As wireless sensors continue to proliferate in process automation with the growth of the Industrial Internet of Things (IIoT), ensuring their networks accurately communicate the various messages is essential. Noting the unique communications of frogs, researchers at Osaka University and University of Tsukuba in Japan conducted research to leverage the natural communication method to improve wireless network communications.
Recently published in the journal Royal Society Open Science with the title “Mathematical modelling and application of frog choruses as an autonomous distributed communication system,” the research looked at the calling patterns of three male Japanese tree frogs. The team placed the frogs inside individual cages to record their communications during various time intervals. From this, they found that frogs avoid overlapping one another with their calls and alternate between croaking and silence. Using this data, the team developed a mathematical model that adapted this information for wireless network communications.
“We found neighboring frogs avoided temporal overlap, which allows a clear path for individual voices to be heard. In this same way, neighboring nodes in a sensor network need to alternate the timings of data transmission so the data packets don’t collide,” study co-author Daichi Kominami explained in a statement.

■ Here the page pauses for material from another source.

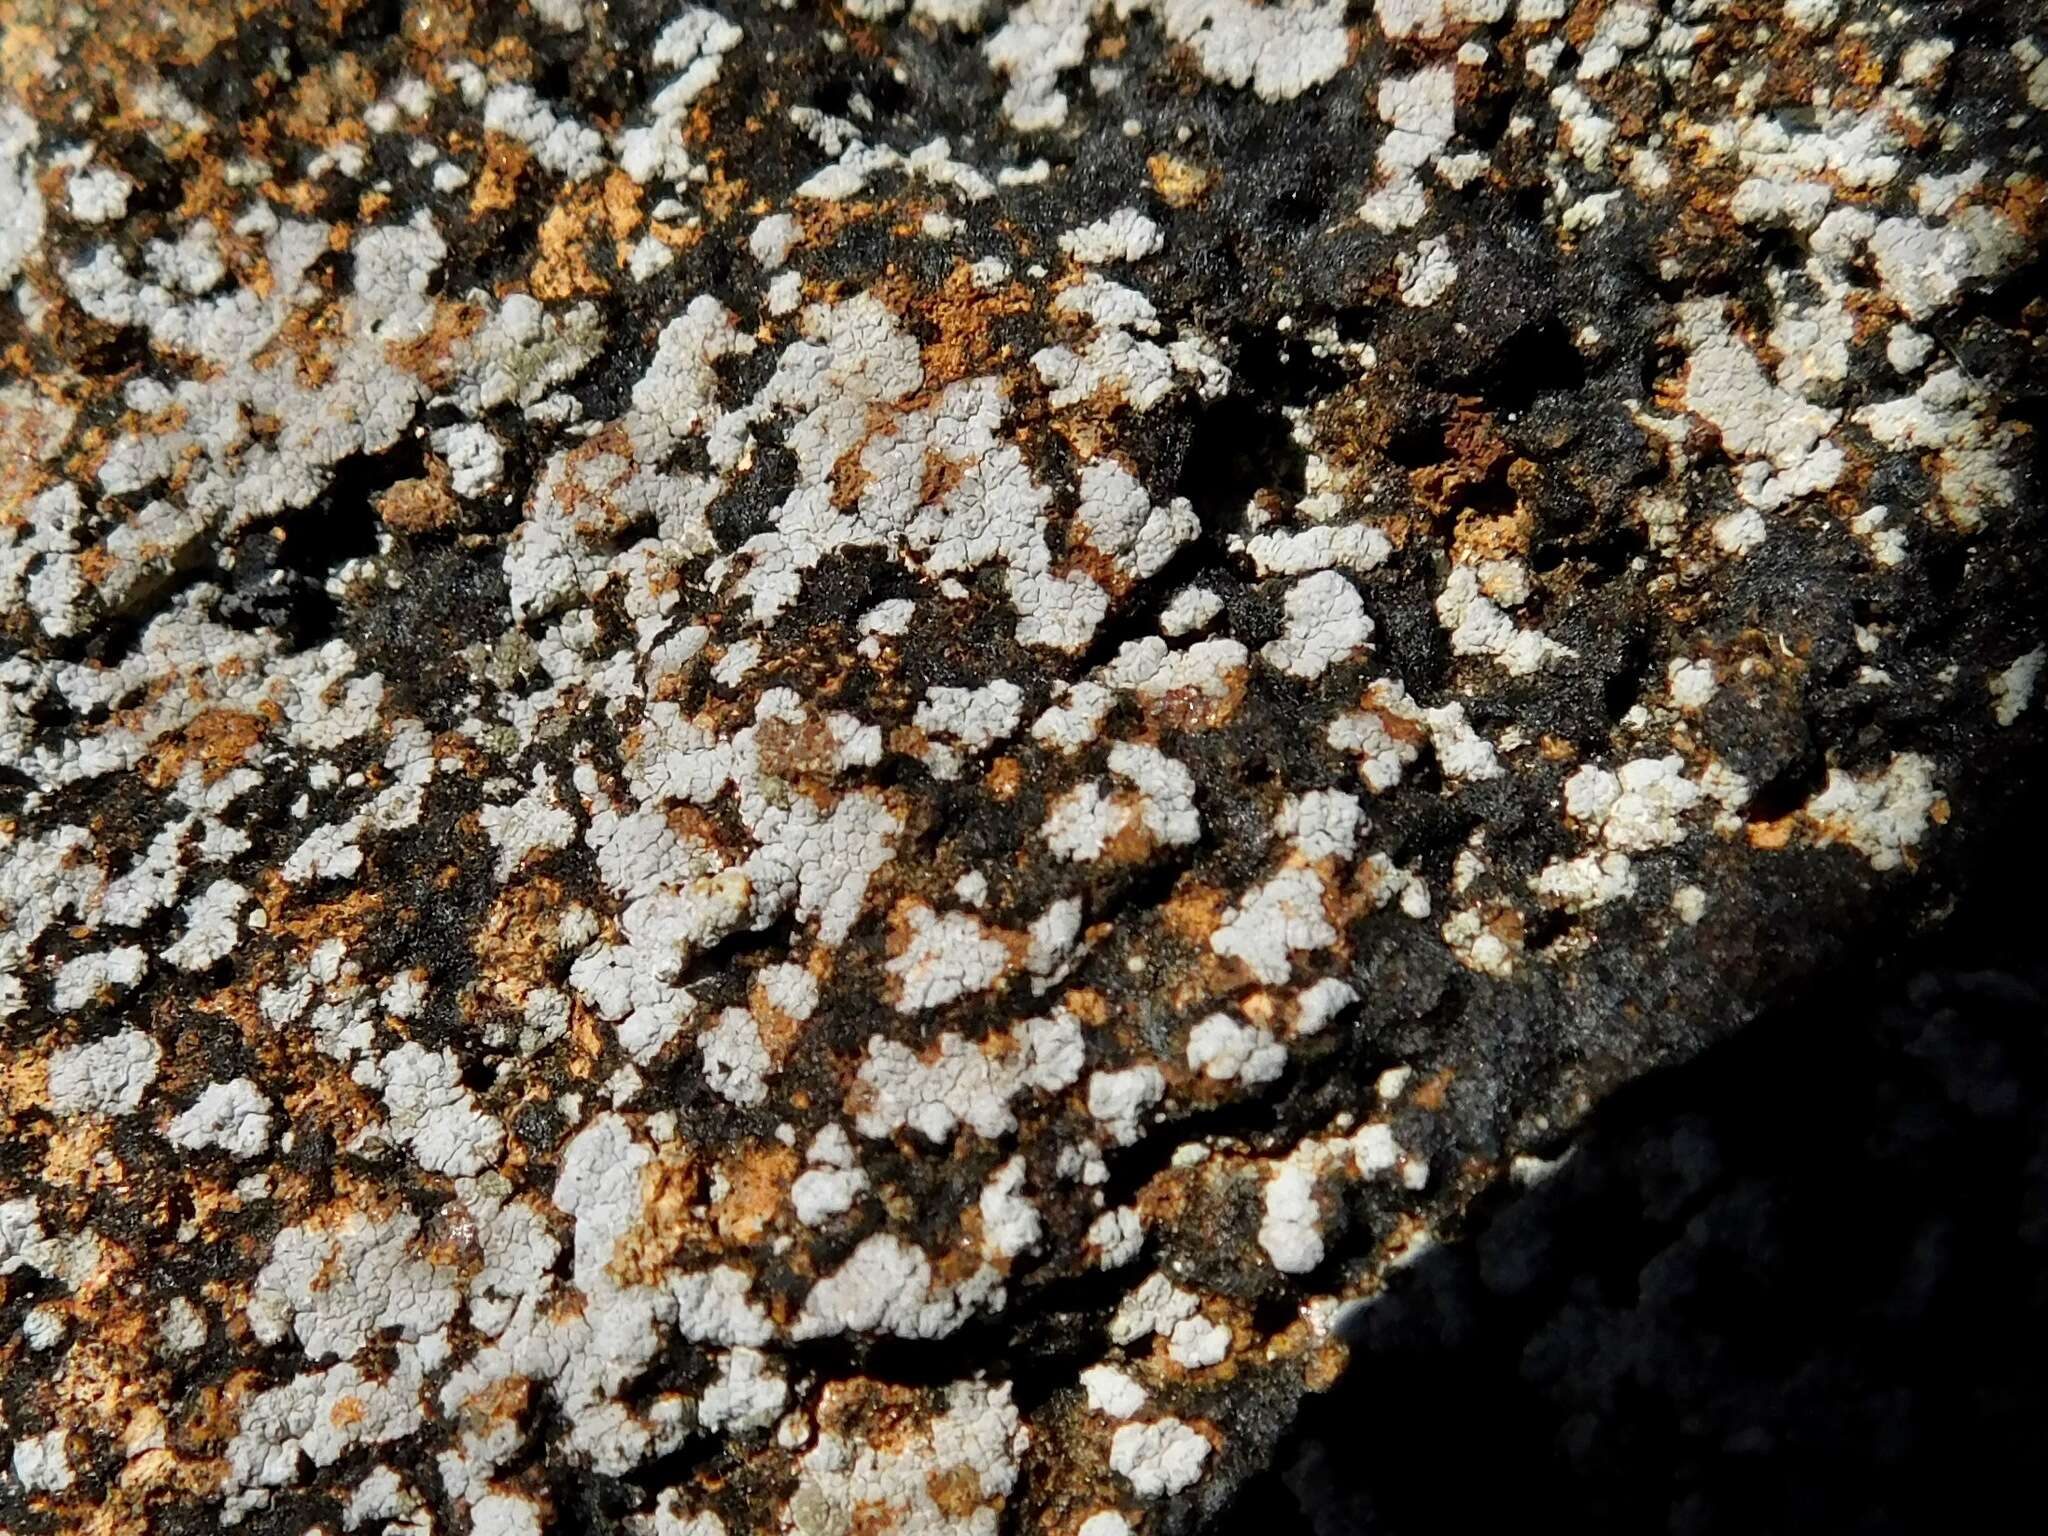 Image of rimmed lichen

The researchers also noticed times of collective silence and choruses, which featured deterministic overlap avoidance with collective calls being more stochastic. Additionally, the pattern of silence allows the frogs to rest and conserve energy. Taking their research further, the researchers created another model that adopted the frogs’ interaction patterns to a phase-based format.
Lead author Ikkyu Aihara explained in a statement: “We modeled the calling and silent states in a deterministic way, while modeled transitions to and from them in a stochastic way. These models qualitatively reproduced the calling pattern of actual frogs and were then helpful in designing autonomous distributed communication systems.”

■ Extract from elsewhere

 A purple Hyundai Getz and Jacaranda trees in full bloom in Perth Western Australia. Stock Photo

Finally, the team utilized the model for data traffic management in a wireless sensor network and found that the short-time-scale alteration was effective in avoiding data packet collisions, and cyclic and collective transitions in long-time scale helped regulate energy consumption, the article reports.
Creating better communications within wireless sensor networks is important for many industries, but who could have guessed that it would be frogs that would show us the way?